A 25 años de la convención ambiental de la ONU

El 21 de marzo de hace 25 años entró en vigor la Convención Marco de las Naciones Unidas sobre Cambio Climático, que fue aprobada en la Primera Cumbre de la Tierra realizada en Río de Janeiro 1992, con el objetivo de obtener acuerdos vinculantes para “estabilizar” ...

El 21 de marzo de hace 25 años entró en vigor la Convención Marco de las Naciones Unidas sobre Cambio Climático, que fue aprobada en la Primera Cumbre de la Tierra realizada en Río de Janeiro (1992), con el objetivo de obtener acuerdos vinculantes para “estabilizar” las emisiones de gases de efecto invernadero (GEI), entre ellos el dióxido de carbono, metano y los hidrofluorocarbonos (generados por el petróleo, gas y carbón) que provocan el calentamiento planetario. La Conferencia de las Partes (COP) signatarias de la Convención (a la fecha son 194, incluido México) se erigió en el órgano supremo para tomar decisiones trascendentes, por ejemplo, la de aprobar protocolos del tipo de Montreal (1987), relativo a la protección de la capa de ozono. De 1995 a la fecha se han realizado 24 reuniones anuales, con la participación de jefes de Estado, ministros, expertos, representantes de ONG, etcétera.

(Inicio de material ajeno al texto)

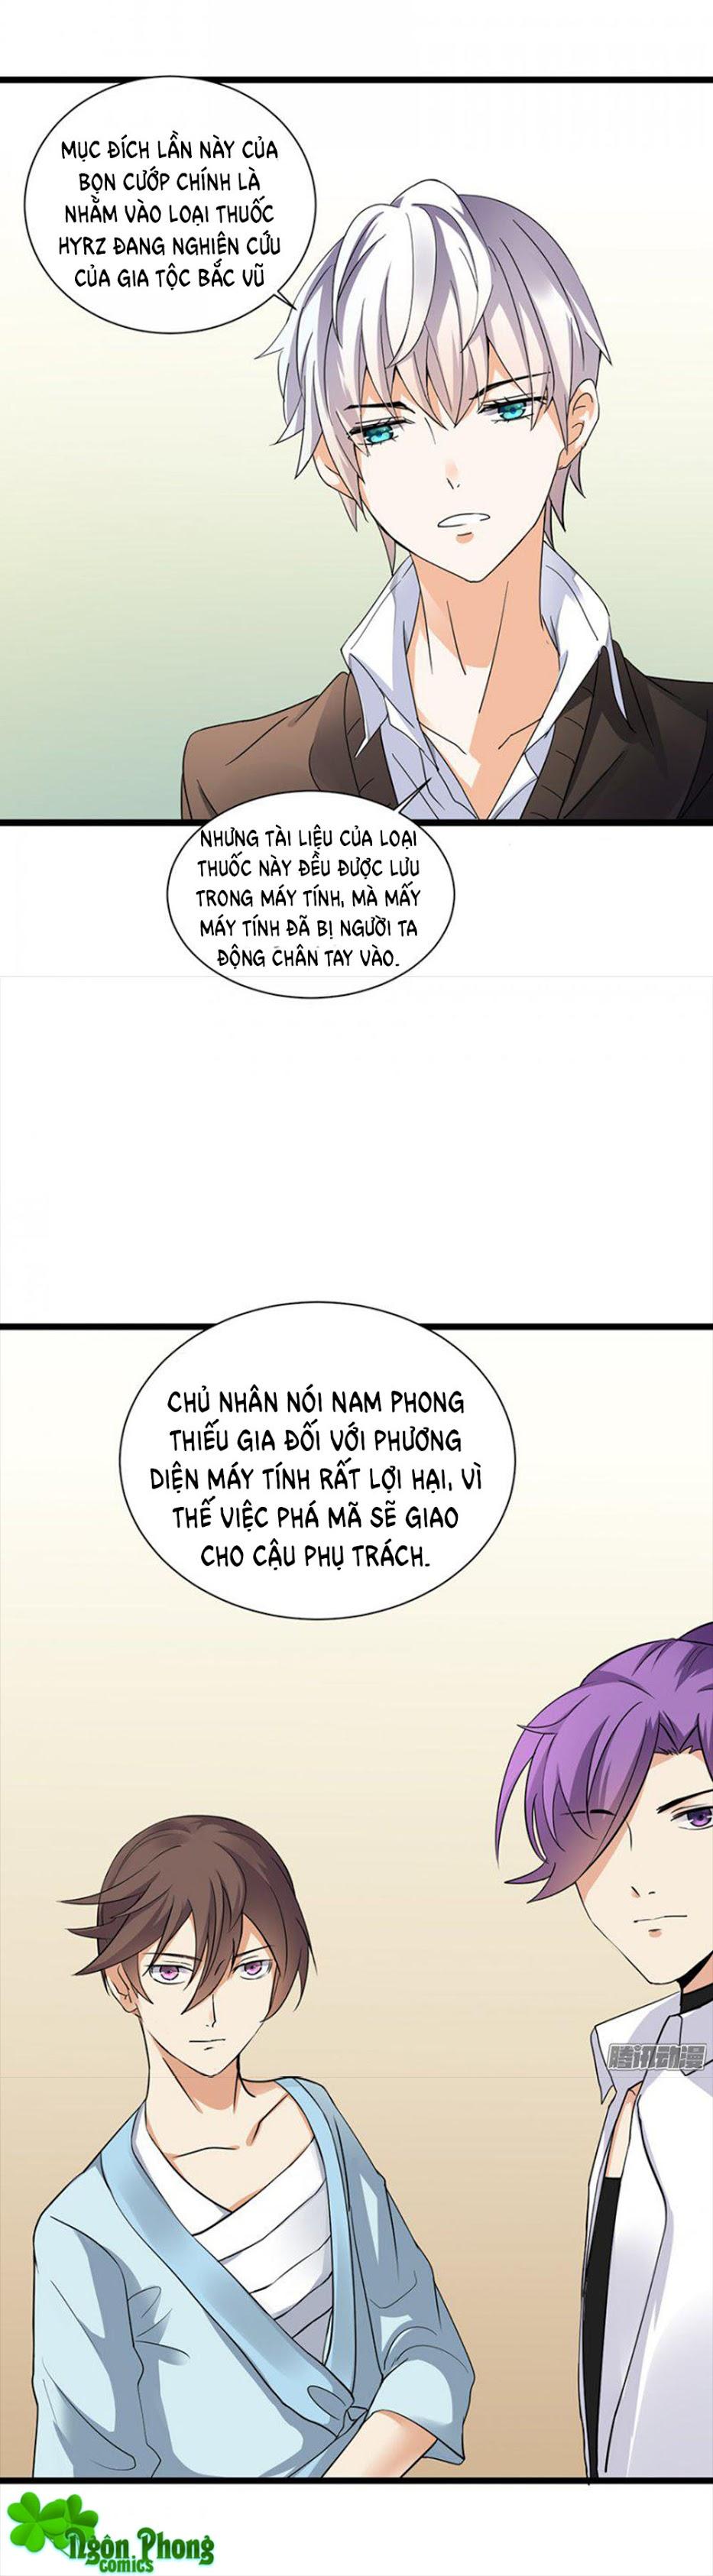 Nhật Ký Dạy Dỗ Của Gia Tộc Đáng Yêu trang 15

En Berlín (1995) se realizó la primera COP, aunque fue hasta la tercera cuando hubo un acuerdo de trascendencia, el Protocolo de Kioto (1997), con propósitos vinculantes para 38 naciones industrializadas (responsables del 30% de las emisiones mundiales), concretamente de reducir en, al menos, un 5% la producción de GEI para el 2012 (inicial vigencia del protocolo). Entró en vigor en febrero de 2005, y hacia el 2009 lo habían ratificado 187 estados, excepto los principales contaminantes, Estados Unidos y China. En la COP13 (Bali, 2007) se establece un plan de acción para sustituir a Kioto, y que servirá de marco de negociación para nuevos pactos vinculantes de todos los países. La importancia de la COP16 (Cancún, 2010) estribó en aplazar el periodo de vigencia de Kioto, en crear un Fondo Verde Climático y en el compromiso de reunir 100 mil millones de dólares. En Doha (COP 18, 2012) se prorrogó Kioto hasta el 2020, pero el instrumento se ha debilitado, ya que Canadá, Japón y Rusia lo abandonaron. La COP21 (París, 2015) despertó expectativas por un ambicioso convenio mundial firmado por 195 naciones que pretende limitar el aumento de la temperatura mundial en 1.5°C, lo que implica reducir un 40% las GEI para el 2030. Empero, no se fijaron cuotas para los más contaminantes y, lo peor, es que en el 2016 Donald Trump anunció que su país dejaba los Acuerdos de París.

Si bien este esfuerzo ha tenido algunos frutos como la recuperación parcial de la capa de ozono, diversos indicadores y fenómenos revelan el agudizamiento de la crisis ambiental global. En el 2012, las emisiones de dióxido de carbono ya doblaban las tasas de 1990, y la humanidad ya superaba en un 50% su capacidad de regenerar los recursos naturales que utiliza, y asimilar los residuos que desecha. Cada año es más cálido que el anterior, y existe el riesgo de que la temperatura media global llegue o supere los 3° en el 2050. De por sí, el calentamiento (derivado de la contaminación, el productivismo, el consumismo, etcétera) ya ha provocado el deshielo acelerado del Ártico y de Groenlandia, el aumento del nivel del mar, poderosos y destructivos huracanes, una mayor deforestación y desertificación, el encarecimiento del agua dulce, la pérdida creciente de la biodiversidad (arrecifes de coral, aves, peces, etcétera), aumento de las plagas, hambrunas, enfermedades y muertes de millones de personas, entre otros males.

Pese a que el planeta sufrirá daños irreversibles si la temperatura global aumenta en 2°, dado el escenario internacional adverso para la cooperación no se espera mucho de la COP25 en Chile de diciembre próximo.

ENTRETELONES

A partir del 17 de agosto México está sobregirado ambientalmente.